厚木・南青山|子育て・家族関係・教育に関するカウンセリングとカウンセラー育成

IMカウンセリング心理学研究所

Blog

子育て②『子どもは全身全霊を捧げて、一人の男を父親に一人の女を母親に育て上げる』

投稿日:

子育て②『子どもは全身全霊を捧げて、一人の男を父親に一人の女を母親に育て上げる』

私がこの言葉に出会ったのは、いつだったのか定かではありませんが、子育て真っただ中の、30数年前だったと思います。

残念なことに、その当時の私は、この言葉が意味することには気にも留めずに、仕事に邁進していた一人の女性でした。

それから10年程して、市の教育情報紙の編集をする機会があり、この言葉を引用したところ、上司からカットされたことを思い出します。『全身全霊』という言葉への誤った解釈があったのでは?と推測されます。

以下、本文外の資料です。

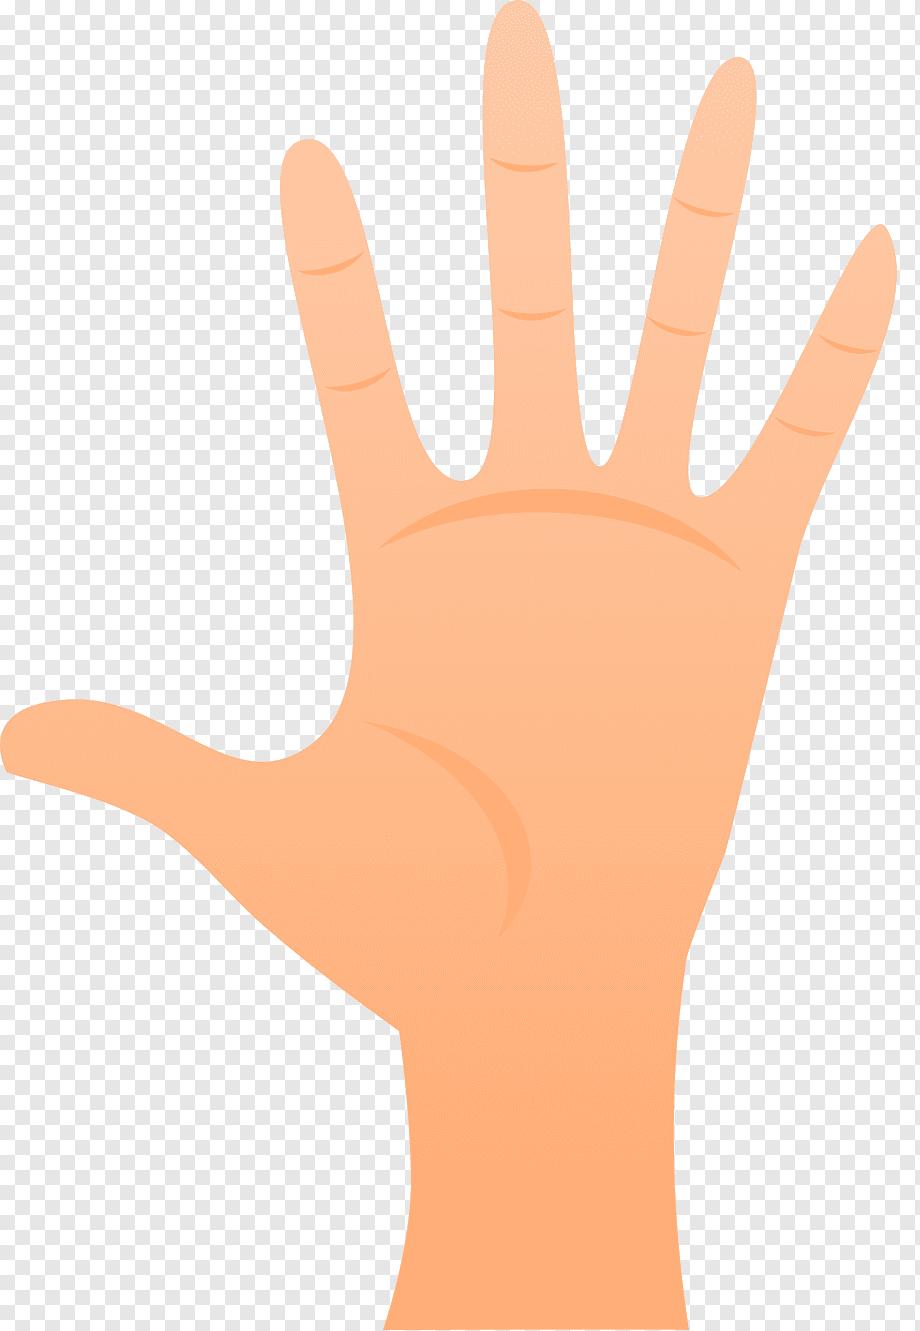 Gambar Telapak Tangan Animasi : gambar, telapak, tangan, animasi, Thumb, Model, Glove, Line,, Hand,, Orange,, Realistic, PNGWing

『全身全霊』が意味することは、「その人に備わっている体力と精神力のすべて」と、三省堂 新明解四字熟語辞典にはあります。

競技スポーツをやっていた私としては、よく理解できる言葉でした。

タイトルの言葉を読めば読むほど、すごい事を言い当てている言葉だと思います。そう、みんな一人の女、一人の男にすぎなかったのですね。

月日は遡りますが、私が二人目の子どもである長男を出産して間もなく、転任した先の校長から、「皆さん、思い違いをするんですね。親というのは最初から親ではないんです。思春期の子どもを育てて、初めて親になるんですよ。」と言われた言葉を今でも思い出します。

自分の意のままに子どもを育てたなら、きっと思春期にまたはそれ以降に、子育てを考え直さなければならないことになる。という事への示唆でした。

子どもが小さい時は、誰もが精一杯、親としての責務を果たそうとします。

『もう、毎日が楽しくて!』と、言い切れる人は少ないのではないかと思います。諸々の事情(仕事・家族構成・経済状態・健康状態等)で余裕がない中での子育てや、自分と親との関係で、モデルとなるものを得られなかった中での子育てが行われているケースは少なくありません。

縁あって恵まれた子ども。『子どもは宝』と思えたなら親として幸せですね。

ただし、『私の宝物!』となると所有物になってしまいます。

私は学生時代に一人の50代の女性と出会いました。
アメリカ人の夫と息子、そして娘の4人暮らし。
とても優雅な暮らしぶりに、その女性が偉大であるかのように感じたのですね。
そして、この言葉に魅せられたのでした。

『私は何をしても中途半端だったけれど、子どもたちは私の最高傑作よ!』

立派に育て上げたという自信にみなぎった言葉でした。
まだ二十歳そこそこの私には、カッコよく思えたのですね。

単純に! 私もこう言える(彼女のように)女性になりたい、と思ったことを鮮明に覚えています。
そして、実際にその言葉を使ったのでした。
娘が3歳の時だったと思います。
女性としても、母としても一人前の女性になったつもりでいたのですね。

それから2年後です。前述の校長からの言葉に出会ったのは・・・。
まるで、私の心を見透かされているようで、一瞬、体の筋肉が強張るのを感じたのです。

(次号に続く)

-Blog

Copyright© IM Counseling, 2020 All Rights Reserved.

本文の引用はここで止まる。